Work instructions:
Could you output each line below precisely as it stands, without the images?

Data extract:
[Start of Attachment]
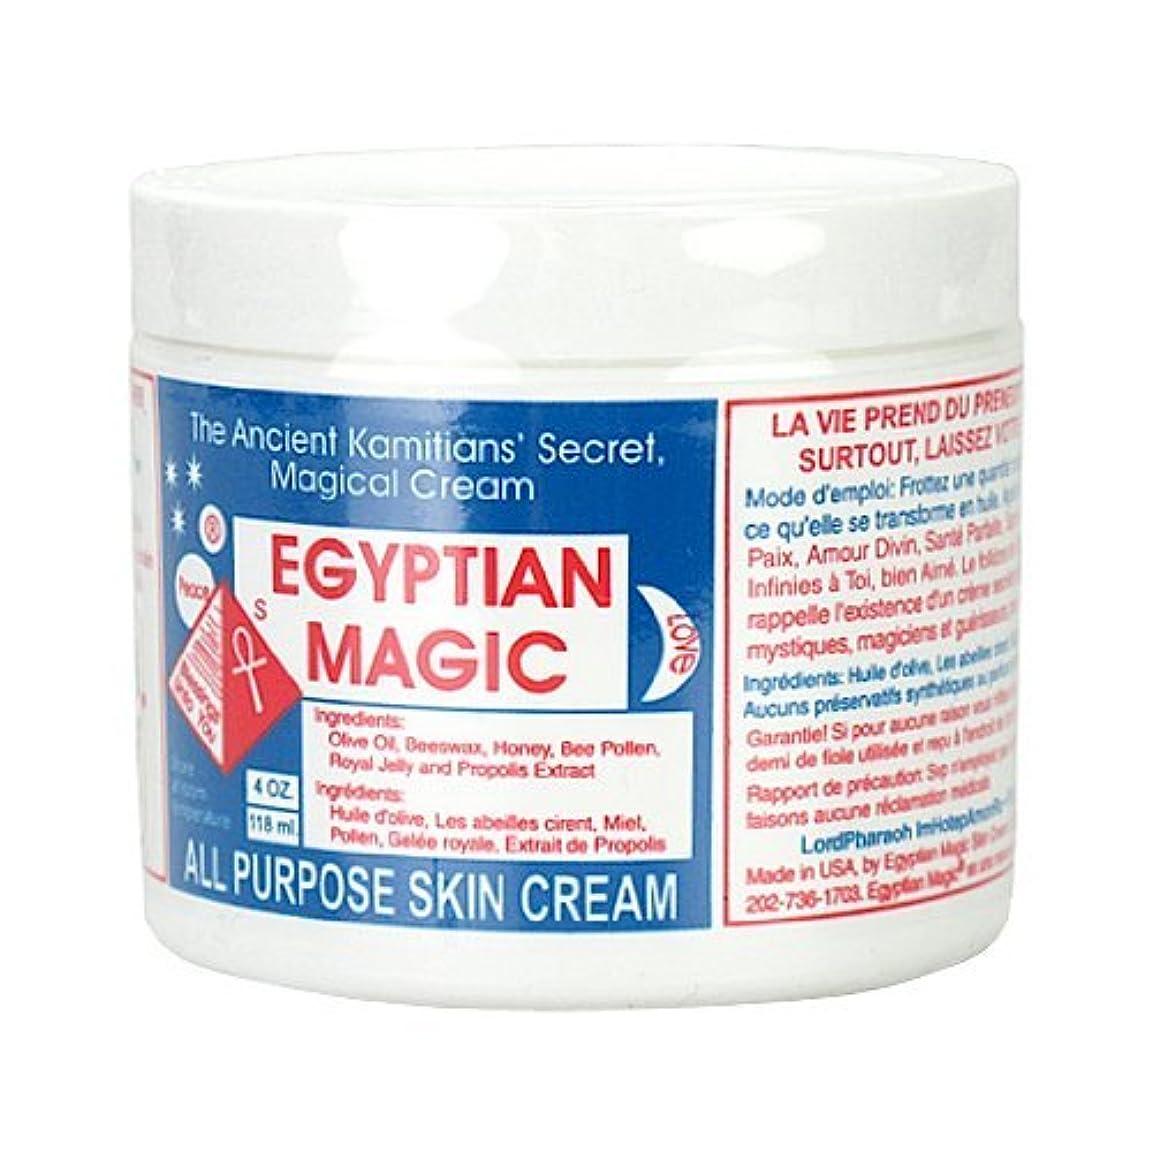 変装占める悩みエジプシャンマジック EGYPTIAN MAGIC エジプシャン マジック クリーム 118ml 保湿クリーム
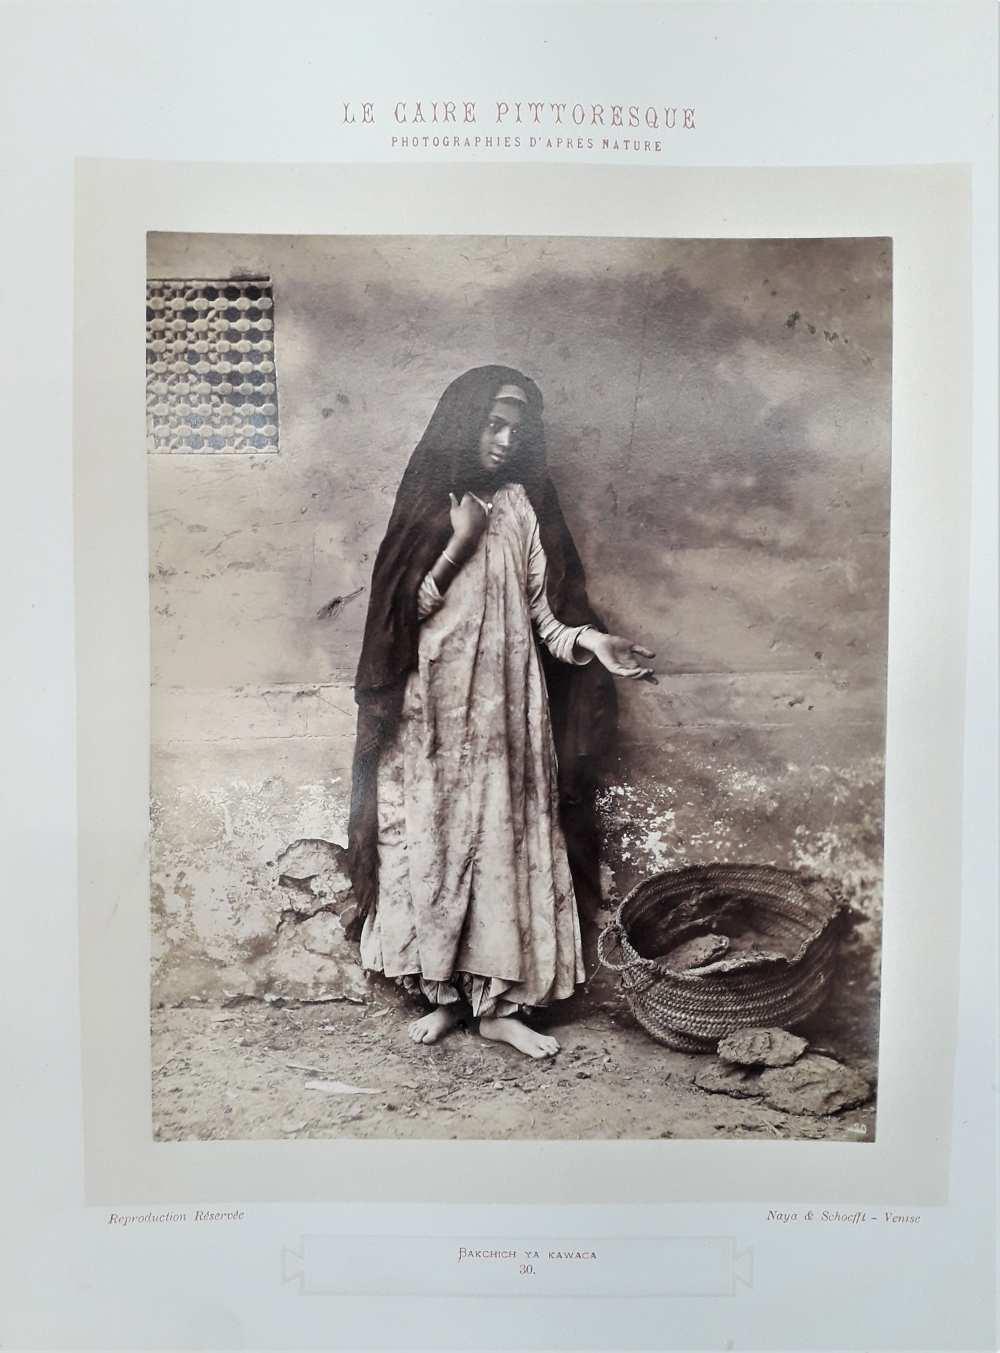 Otto Schoefft & Carlo Naya: Kairói kolduslány (Bakchich ya kawaca). Zsánerkép a Le Caire pittoresque című sorozat 30. lapja, 1875 körül. Fénykép a Dm 488 című mappából.
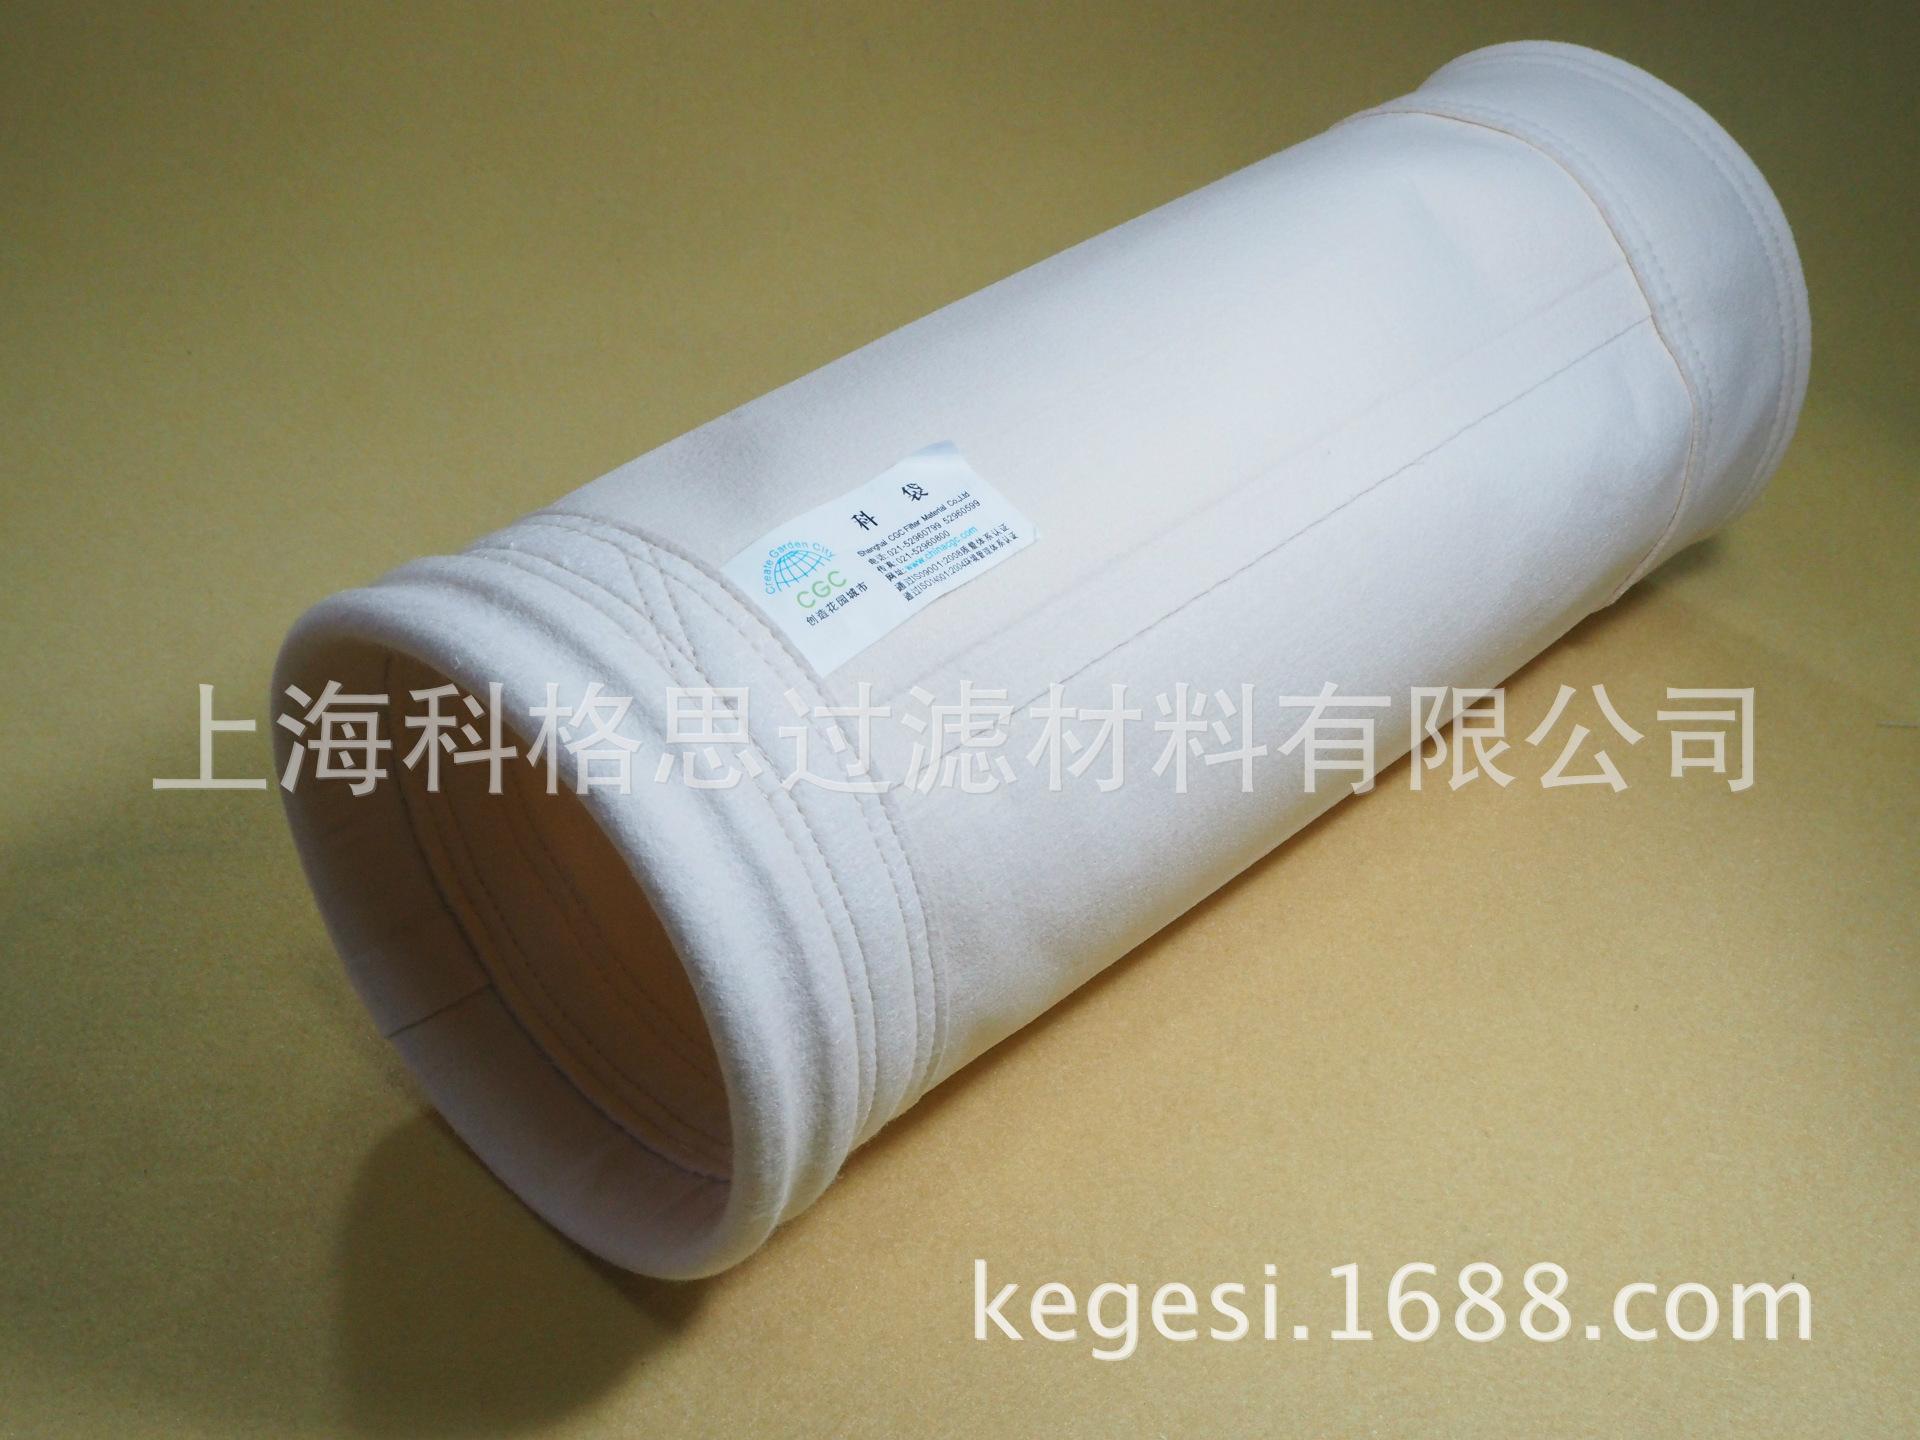 涤纶针刺毡,防水、防油、防静电。
[End of Attachment]
Result of this exercise:
 変装占める悩みエジプシャンマジック EGYPTIAN MAGIC エジプシャン マジック クリーム 118ml 保湿クリーム
 Otto Schoefft & Carlo Naya: Kairói kolduslány (Bakchich ya kawaca). Zsánerkép a Le Caire pittoresque című sorozat 30. lapja, 1875 körül. Fénykép a Dm 488 című mappából.
 涤纶针刺毡,防水、防油、防静电。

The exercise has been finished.